Computational and Mathematical Methods in Medicine

Research Article

Biomedical Text Categorization Based on Ensemble Pruning and Optimized Topic Modelling

Table 9

The macro-averaged F-measure results obtained by conventional algorithms and the proposed diversity-based ensemble pruning (with LDA (k=50) based representation).

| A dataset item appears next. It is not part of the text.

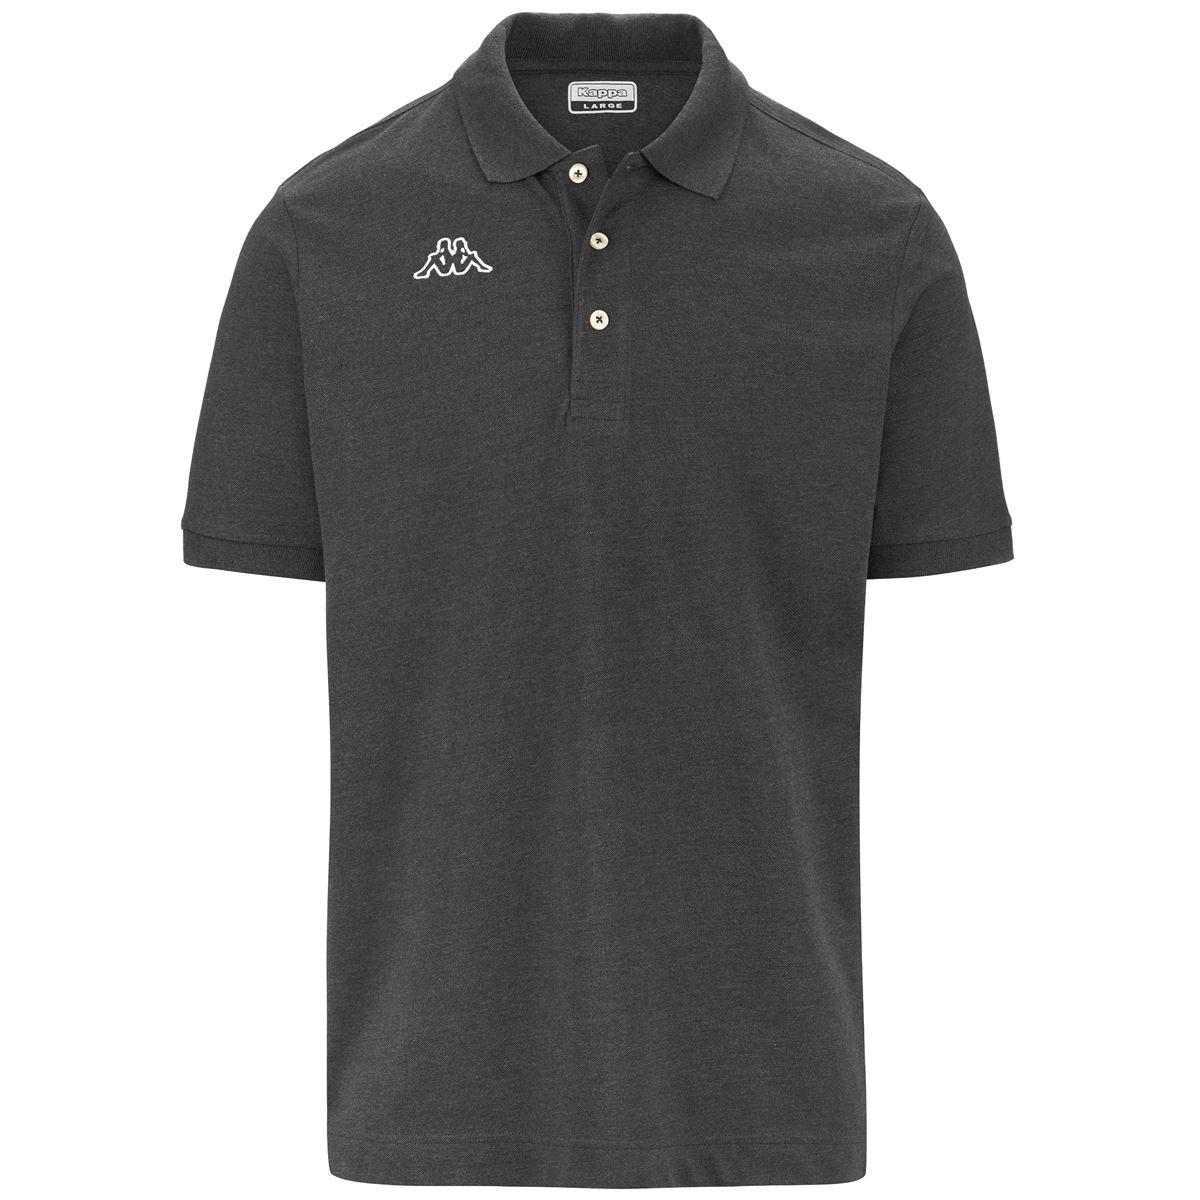 Kappa-Polo-Shirts-Uomo-LOGO-LIFE-MSS-Tennis-sport-Polo miniatura 28

Classification algorithm	oh5	oh10	oh15	ohscal	ohsumed

NB	0.76	0.68	0.72	0.61	0.30
SVM	0.78	0.81	0.86	0.73	0.35
Bagging+NB	0.77	0.70	0.72	0.61	0.30
Bagging+SVM	0.85	0.78	0.81	0.73	0.37
AdaBoost+NB	0.74	0.69	0.72	0.61	0.31
AdaBoost+SVM	0.85	0.78	0.80	0.74	0.36
RandomSubspace+NB	0.76	0.68	0.70	0.59	0.29
RandomSubspace+SVM	0.79	0.71	0.73	0.69	0.33
Stacking	0.84	0.80	0.81	0.72	0.38
ESM	0.80	0.81	0.81	0.74	0.39
BES	0.81	0.82	0.83	0.75	0.41
LibD3C	0.84	0.85	0.86	0.76	0.42
CDM	*0.86*	*0.86*	*0.87*	*0.78*	0.45
DEP (Genetic clustering)	0.82	0.84	0.86	0.76	0.45
DEP (PSO clustering)	0.82	0.83	0.85	0.75	*0.47*
DEP (Firefly clustering)	0.87	0.88	0.88	0.79	0.49
DEP (Cuckoo clustering)	*0.86*	0.85	0.88	*0.78*	*0.47*
DEP (Bat clustering)	0.85	*0.86*	0.84	0.74	0.45

NB: Naïve Bayes algorithm, SVM: support vector machines, ESM: ensemble selection from libraries of models, BES: Bagging ensemble selection, LibD3C: hybrid ensemble pruning based on k-means and dynamic selection, CDM: ensemble pruning based on combined diversity measures, and DEP: the proposed diversity-based ensemble pruning.